Патан отвел взгляд от костра и взглянул на меня. Ссадина возле глаза и отек на губе уже почти прошли.
— Твоему языку.
Он снова опустил глаза, но я успела кое-что в них заметить. Что-то, от чего мой страх перед ним прошел. Неужели я все это время его боялась, несмотря на уверенность в том, что меня уже невозможно напугать? Не знаю. Одолевающие меня мысли о Фейт, лихорадка и боль, неуверенность в будущем — последние два дня моя жизнь ограничивалась только этим. Что я чувствовала теперь? Если бы я могла перестать винить себя за то, что не смогла понять, что с Фейт все обстоит серьезнее, чем казалось, что ее все глубже затягивает в пучину отчаяния, то, думаю, я осознала бы, что вовсе не испытываю страха.
Патан прервал молчание, снова взглянув на огонь:
— Ты давно живешь в Индии? Ты выучила хинди.

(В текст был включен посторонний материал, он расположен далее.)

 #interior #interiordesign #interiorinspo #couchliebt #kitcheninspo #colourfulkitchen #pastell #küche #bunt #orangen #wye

Он пытался завязать разговор. Как странно все это, подумалось мне, — я сижу у костра где-то возле Кашмира и разговариваю с патаном с северо-западной границы.
— Нет, не очень давно. Полтора года.
Он кивнул.
Мне было необходимо отвлечься от мыслей о Фейт, подумать о чем-нибудь другом.

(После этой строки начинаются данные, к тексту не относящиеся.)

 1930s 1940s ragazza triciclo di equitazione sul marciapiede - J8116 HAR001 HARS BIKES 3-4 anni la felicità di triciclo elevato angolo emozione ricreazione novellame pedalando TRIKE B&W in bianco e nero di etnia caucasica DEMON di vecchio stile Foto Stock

— Расскажи мне о своем народе — о пушту, — попросила я.
Патан бросил в огонь палку, где она затрещала и зашипела.
— Тут не о чем рассказывать. Сам я из племени гилзай. Мое племя насчитывает около полутора сотен человек. Мы не живем все время на одном месте — лето мы проводим в горах, наслаждаясь прохладой, а на зиму перебираемся в долины. Мое племя занимается разведением овец, и мы торгуем шерстью, выменивая на нее необходимые вещи.
Он замолчал и посмотрел на меня, а затем продолжил:
— Мой народ любит музыку, поэзию и игры. Мы живем незатейливой жизнью.
Но его глаза говорили обратное. Этого человека трудно было назвать «незатейливым». Я подтянула к себе колени, обхватила их руками и положила сверху подбородок.
— А что ты делал в Симле?
— Я ловлю одичавших лошадей на равнинах. Затем объезжаю их и продаю или обмениваю, иногда в Кабуле, а иногда в Пешаваре или на юге Индии. На этот раз я продал небольшой табун в Раджпуре и возвращался обратно в горы через Симлу, чтобы забрать другой табун, ожидающий меня в Кашмире.
— Извини, — сказала я.
— Извинить? За что ты просишь тебя извинить?
— За то, как с тобой обошлись. Это было несправедливо.
Патан, нахмурившись, кивнул.
— Как тебе удалось убежать?
— Они вывели меня из тюрьмы. Чтобы повесить.
У меня перехватило дыхание.
— Расул находился поблизости. Я издал звук — команду, которую он знает и которой подчиняется. Конь порвал веревку, которой был привязан, и бросился на тех, кто меня держал. Они разбежались, спасаясь от его копыт. Я вскочил на Расула. Пока солдаты вывели и оседлали своих лошадей, я был уже далеко.